Шукшин, быть может, самый загадочный из русских художников ХХ века, и в данном утверждении нет никакой повышенной экзальтации и абстракции. Загадка эта огромна — она вмещает и все сделанное им в кино и литературе, и конструирование его возможного дальнейшего пути в стране, искусстве и политике. Сколь бы странными ни казались подобные штудии, к Шукшину они почему-то всегда применимы, и споры о не случившемся будущем не смолкают почти полвека. История, да, сослагательного наклонения не знает, но для художников масштаба Василия Макаровича оно — естественный способ посмертного существования.
Маркером обычно служит кровавое противостояние октября 1993 года — дескать, на какой стороне оказался бы Шукшин: на баррикадах у Белого дома, вместе с пожизненным товарищем Василием Беловым, или среди подписантов печально знаменитого писательского письма «Раздавите гадину!», призывавшего к репрессиям, вместе с Виктором Астафьевым и Беллой Ахмадулиной.

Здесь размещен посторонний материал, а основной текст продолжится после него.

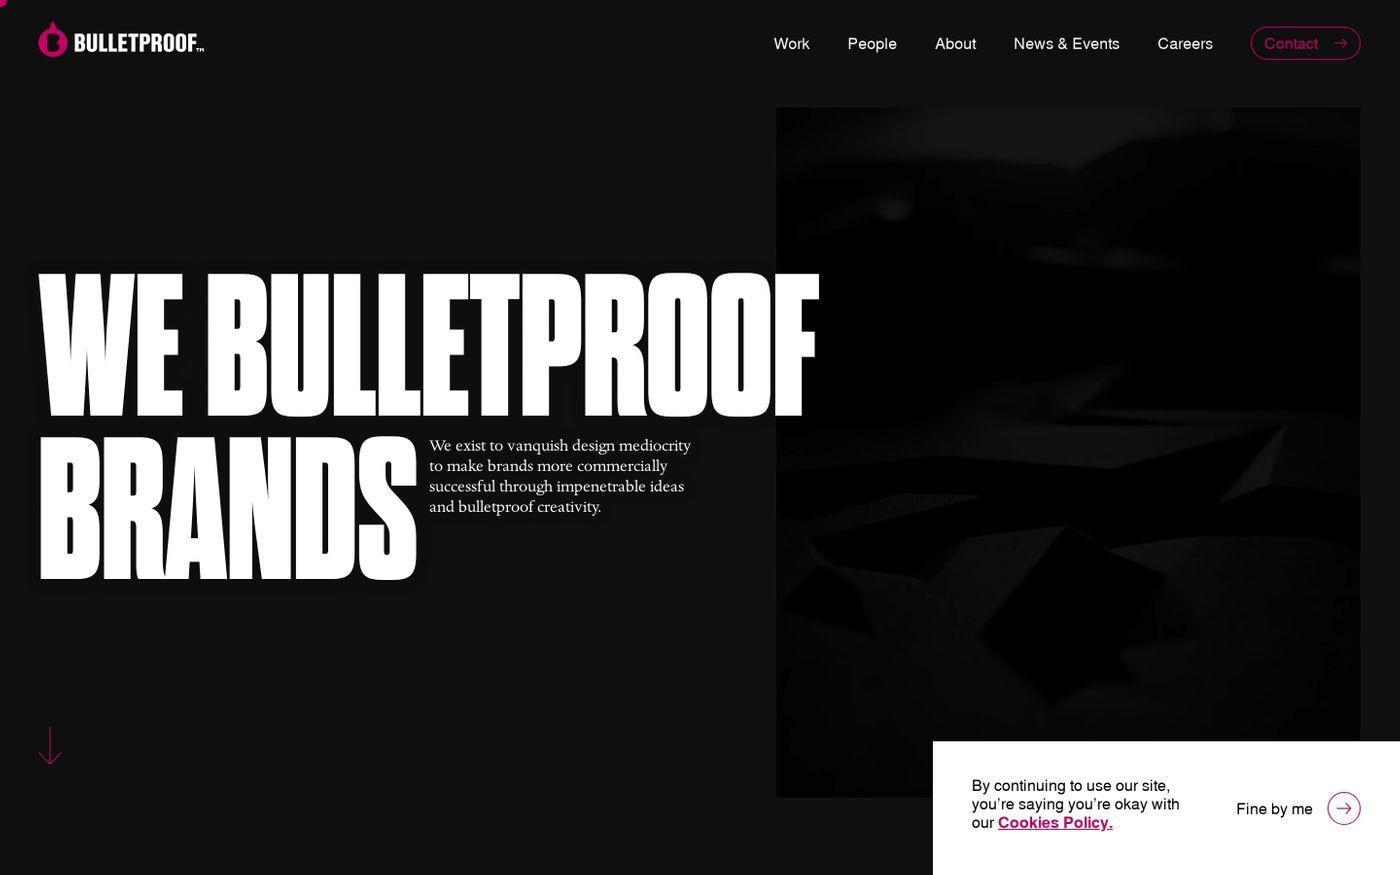 Screenshot of Bulletproof website
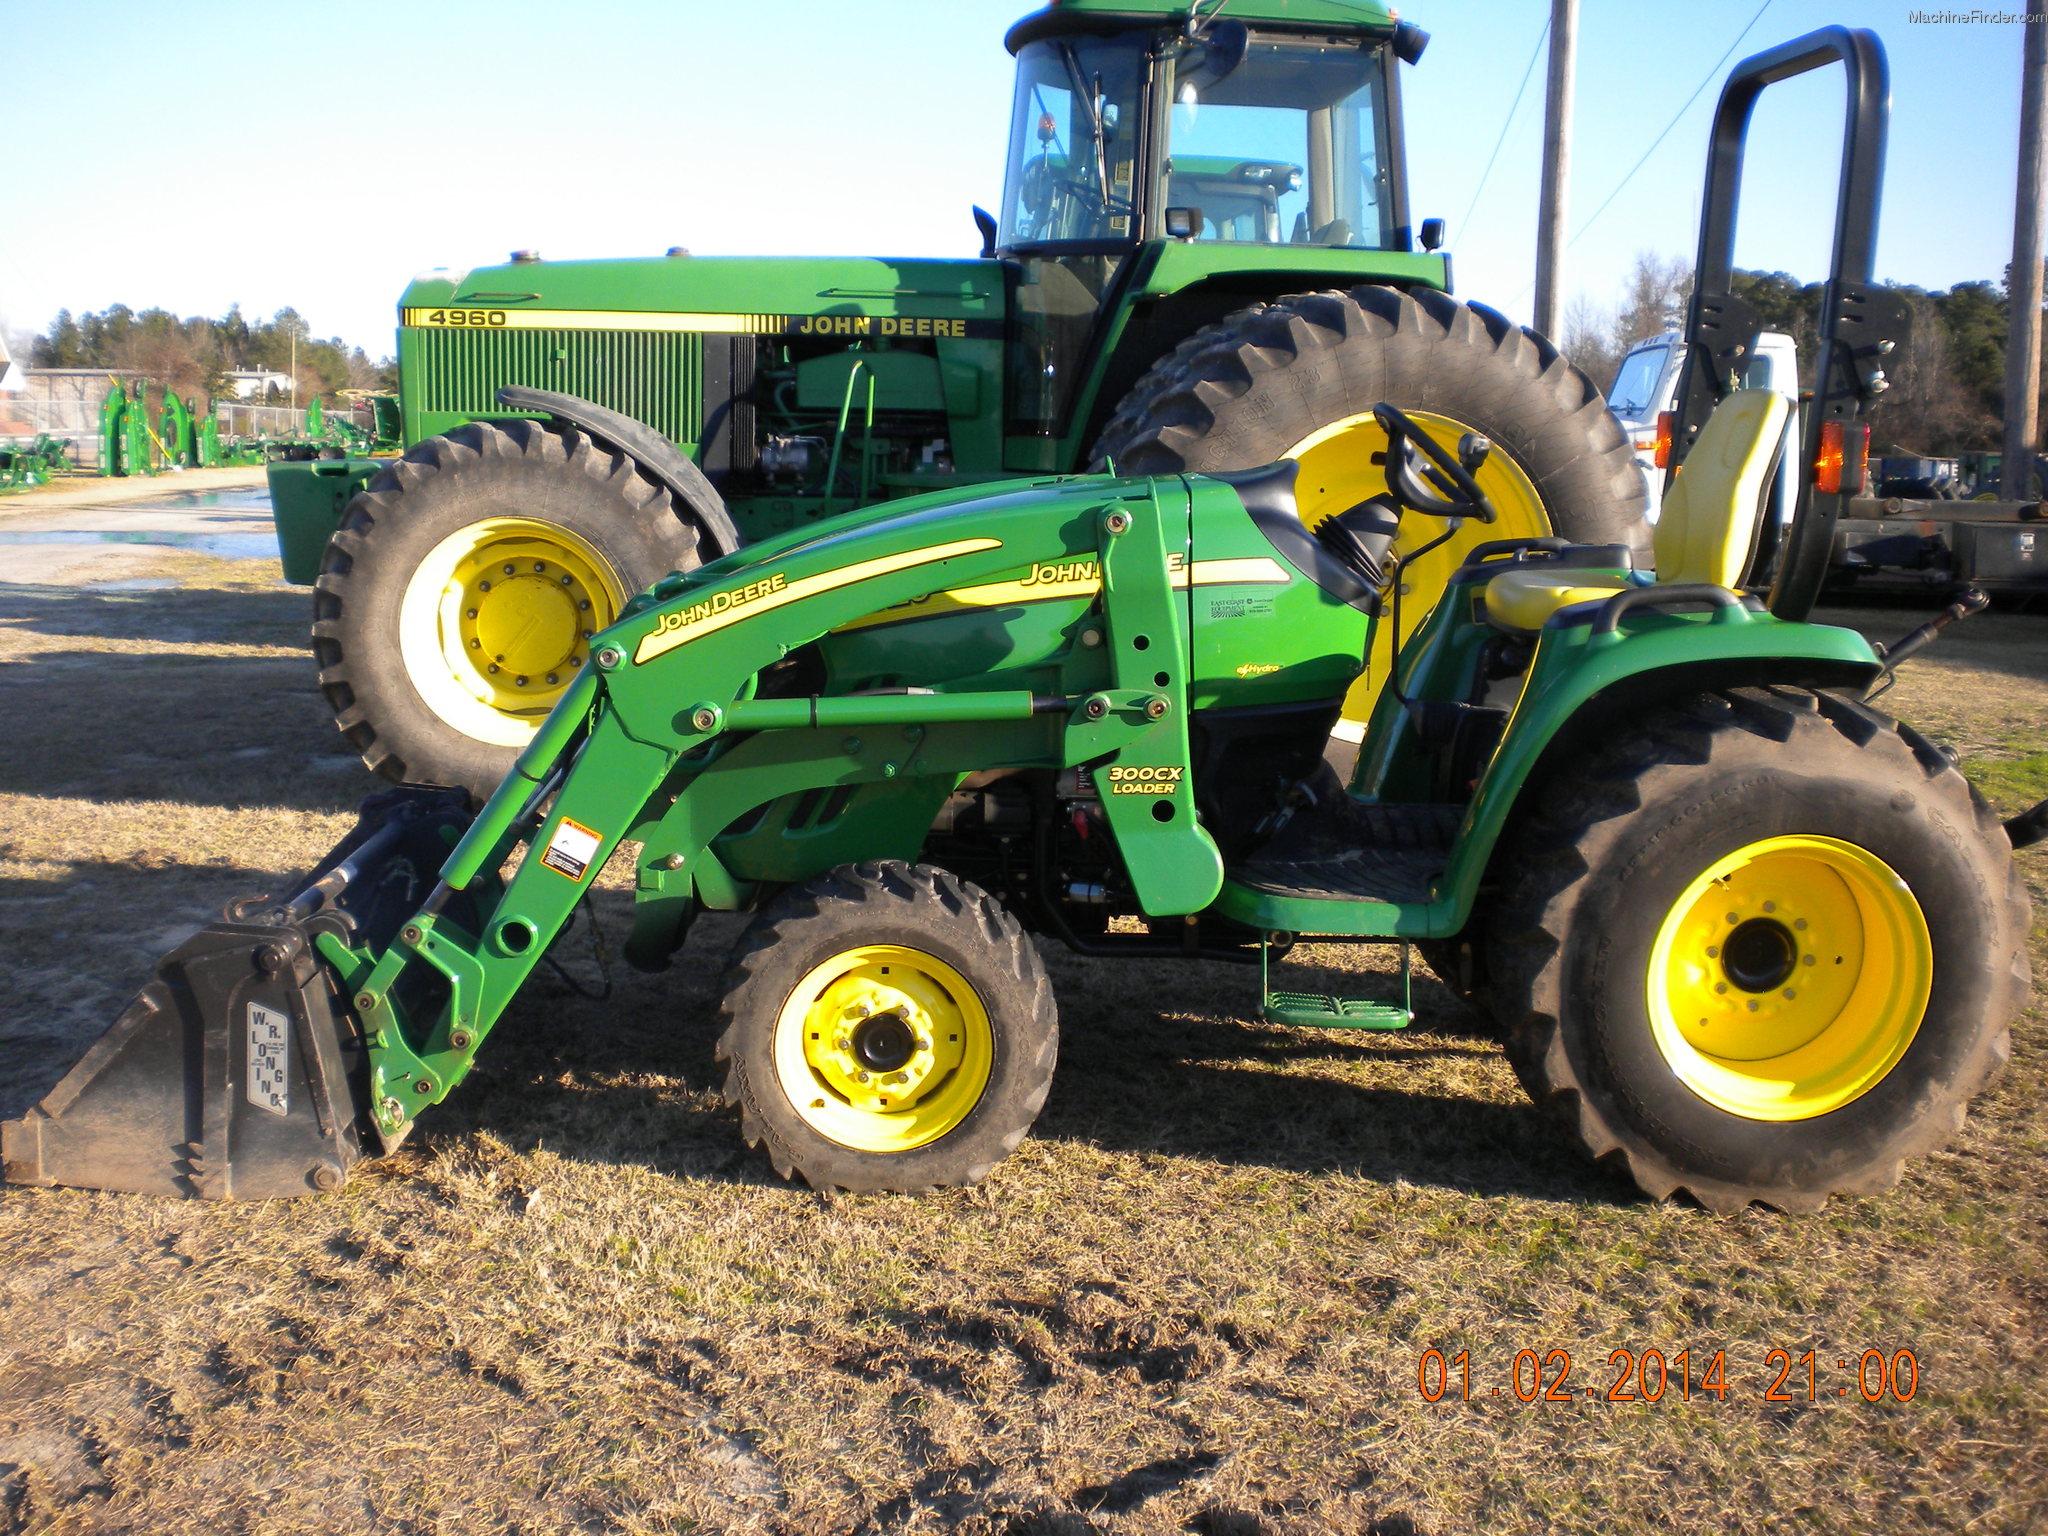 2006 John Deere 3120 Tractors - Compact (1-40hp.) - John ...

Ее Василий Макарович снял в своем режиссерском дебюте «Живет такой парень».
Кстати, роман Шукшина с Ахмадулиной сегодня может быть воспринят не только в качестве богемной интрижки перспективного режиссера, родом из глубинки, с модной столичной штучкой-поэтессой и знаком шукшинской мужской харизмы. Но и свидетельством веселого анархизма ранних 60-х, взаимного притяжения либеральной интеллигенции и «глубинного народа». Термина такого, разумеется, тогда еще не существовало, но Шукшин был и воплощал его самым убедительным образом. Коротко соединились, чтобы надолго (а возможно, и окончательно) разойтись. Отмечу, что в дальнейшем Василий Макарович подобную публику и не проклинал, и не жаловал — он ее просто перестал замечать. Расколы и противостояния, зафиксированные им, шли на других, куда более глубоких, уровнях.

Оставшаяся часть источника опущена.